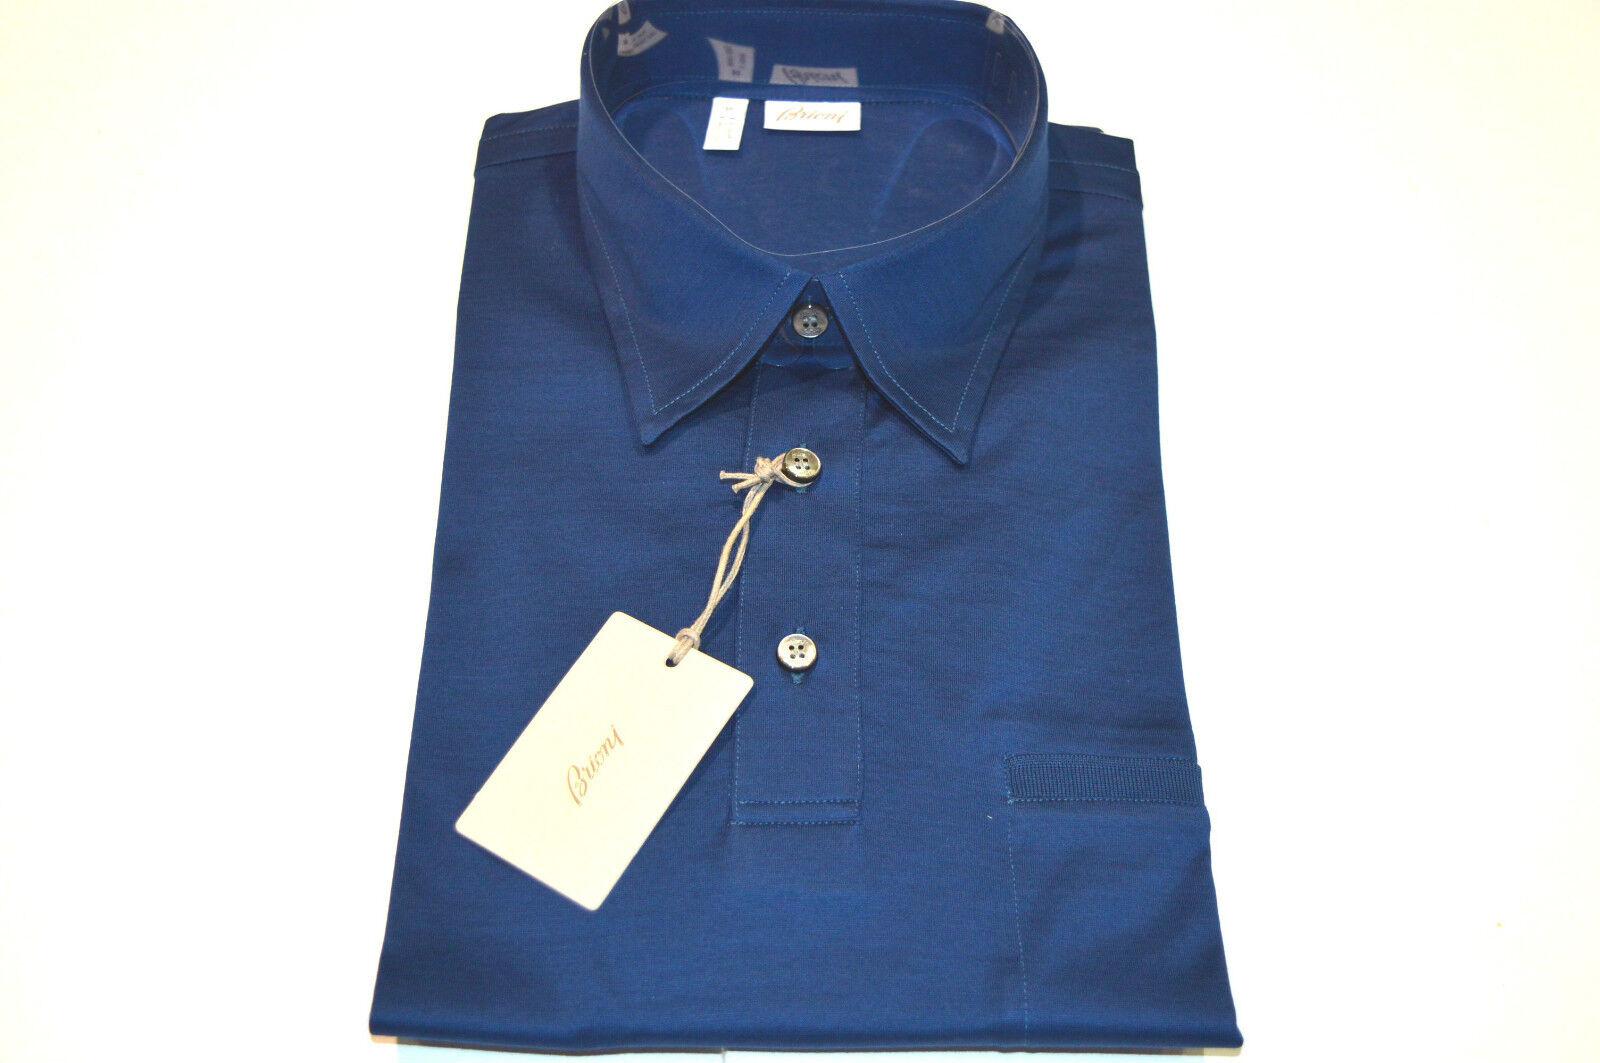 NEW  BRIONI Polo  Short Sleeve baumwolle Größe M Us Eu 50 (SGcoel)
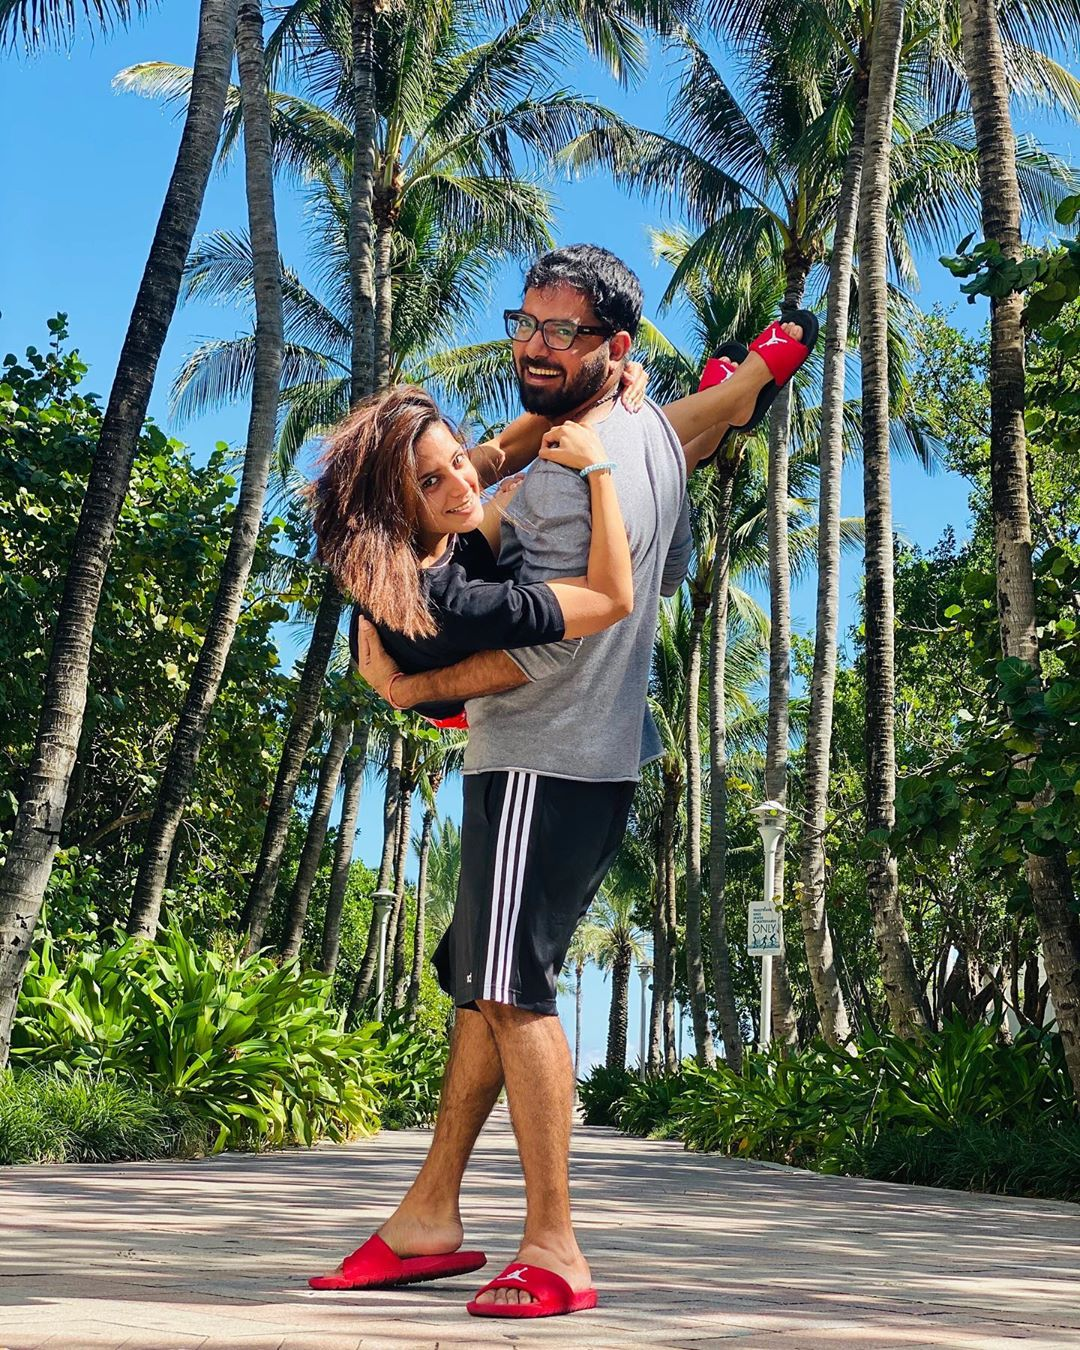 Latest Clicks of Iqra Aziz and Yasir Hussain in Miami USA
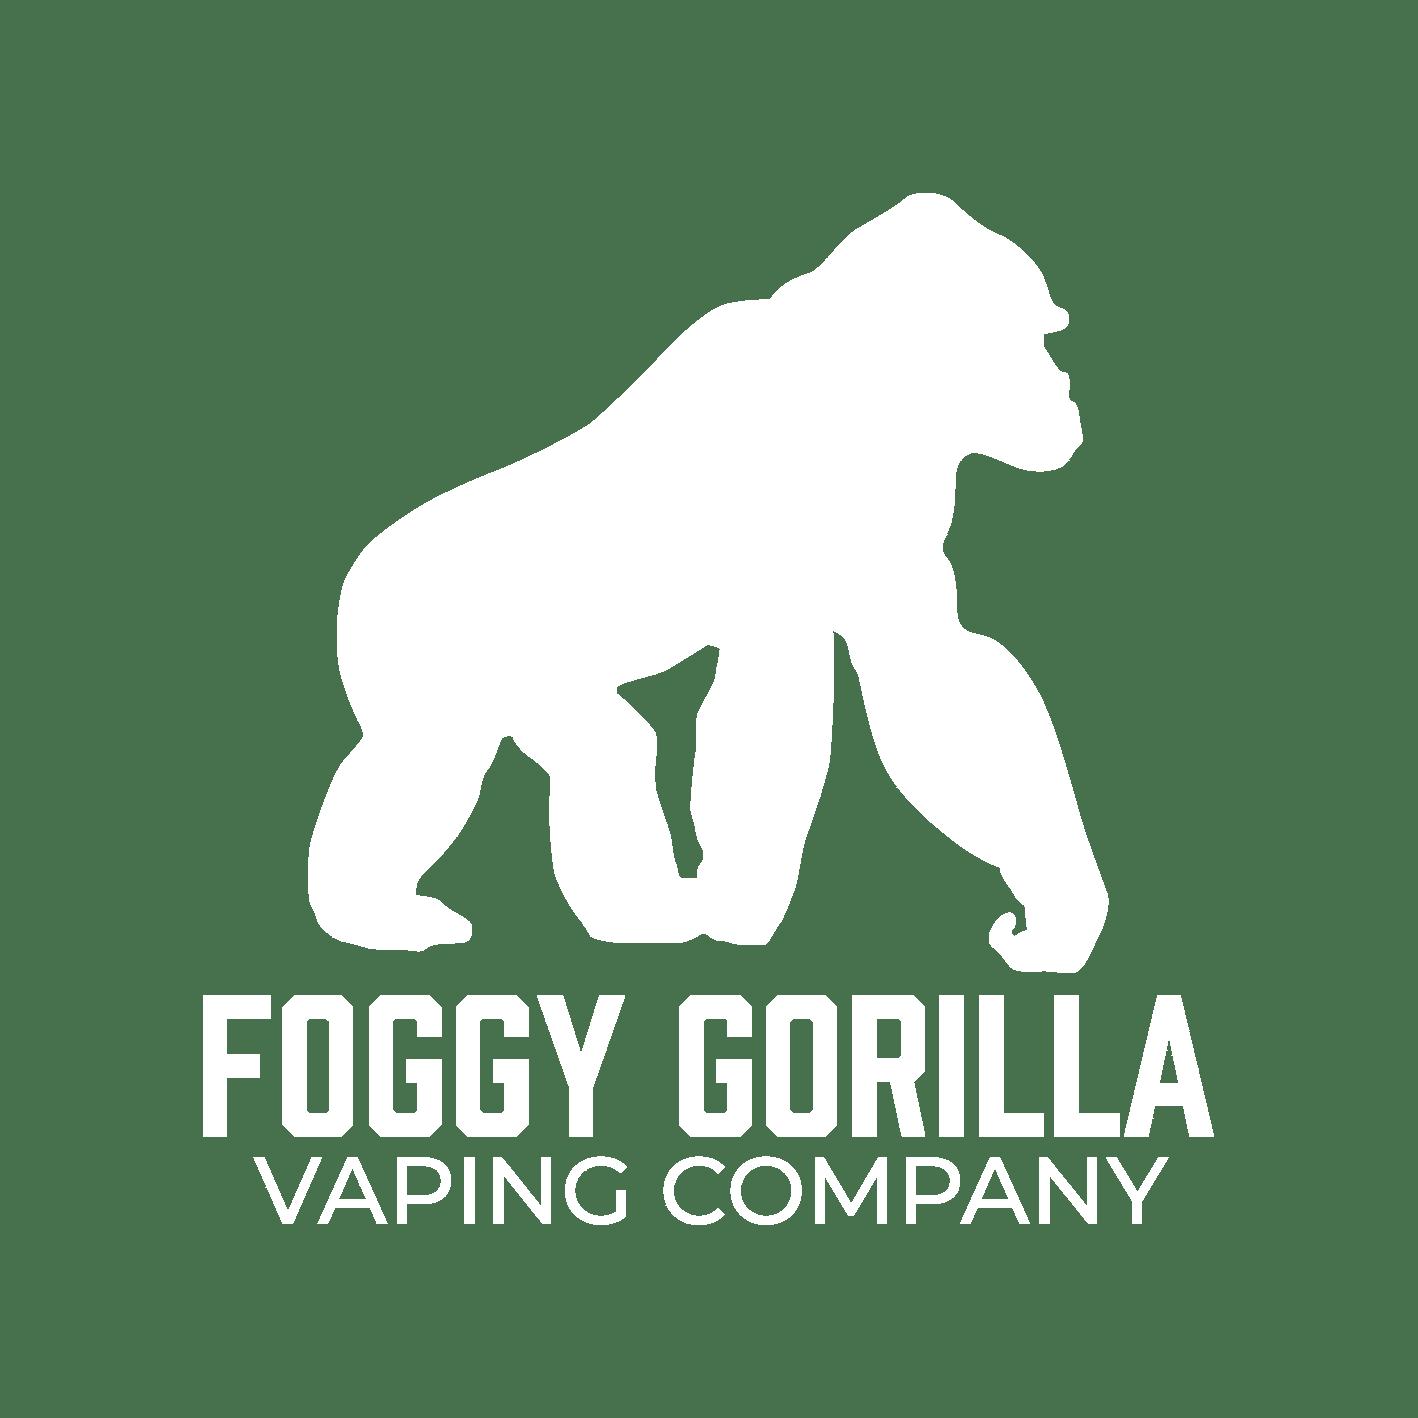 foggy gorilla logo

ASSIGNMENT: The whole listing above is to be repeated exactly, apart from its pictures.

ANSWER:
 NEW  BRIONI Polo  Short Sleeve baumwolle Größe M Us Eu 50 (SGcoel)
 Latest Clicks of Iqra Aziz and Yasir Hussain in Miami USA
 foggy gorilla logo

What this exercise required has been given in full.